Basic Data Analytics: January 2019

Thursday, 24 January 2019

Machine Learning - Linear Regression

###################################################################

################Machine Learning - Linear Regression#####################

###################################################################

options(repos = c(CRAN = "http://cran.rstudio.com"))

library(readxl)

data <- read_excel("D:\\R studio\\R portable\\Practice\\ML - linear regression\\Bai-tap-thuc-hanh.xlsx")

head(data)

names(data)[names(data)=='Chiều cao (cm)'] <- 'Height'

names(data)[names(data)=='Cân nặng (kg)'] <- 'Weight'

head(data, n=6)

#we need to split the data into a training set and a testing set.

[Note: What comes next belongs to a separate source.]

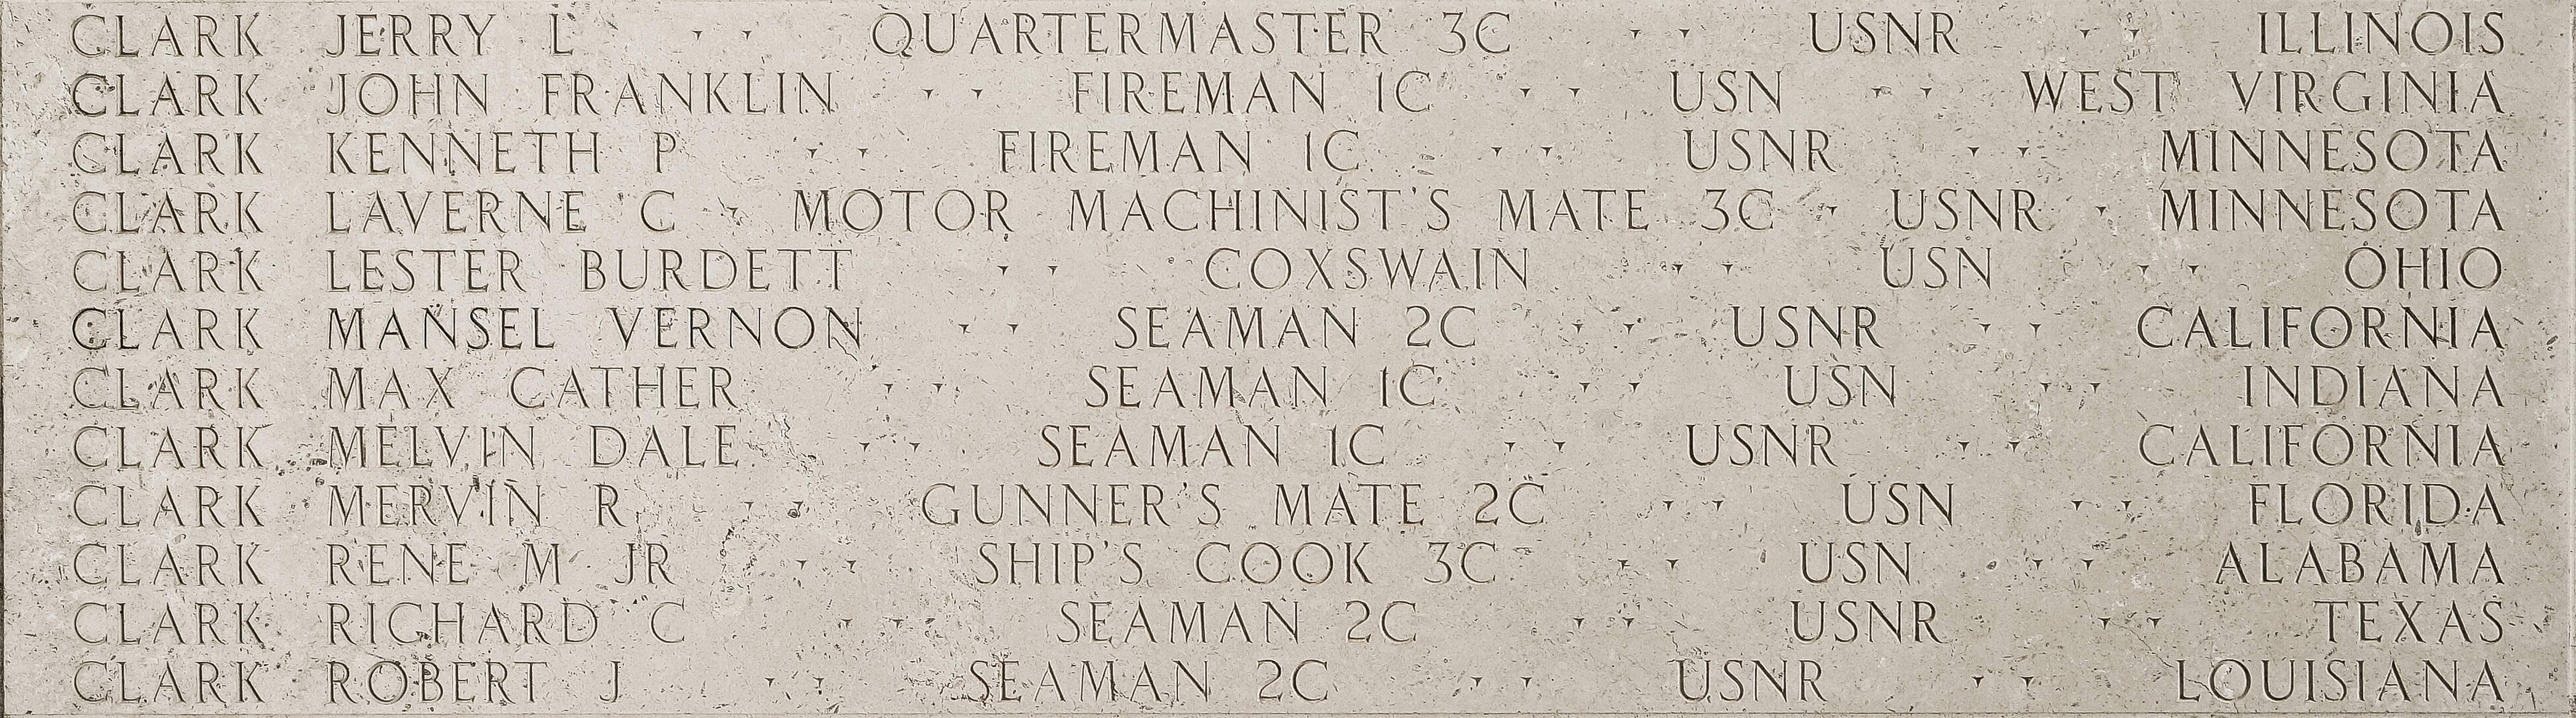 Max Cather Clark, Seaman First Class

#As their names imply, the training set is used to train and build the model,

#and then this model is tested on the testing set.

#Let’s say we want to have about 75% of the data in the training set and 25% of the data in the testing set

#First, we set the seed so that the results are reproducible

set.seed(123)

#we create a sequence whose length is equal to the number of rows of the dataset. These numbers act as the indices of the dataset. We randomly select 75% of the numbers in the sequence and store it in the variable split

split <- sample(seq_len(nrow(data)), size = floor(0.75 * nrow(data)))

#we copy all the rows which correspond to the indices in split into trainData and all the remaining rows into testData

train.data <- data[split,]

head(train.data)

View(train.data)

test.data <- data[-split,]

head(test.data)

#Building the prediction model

predictionmodel <- lm(Weight~Height, data = train.data )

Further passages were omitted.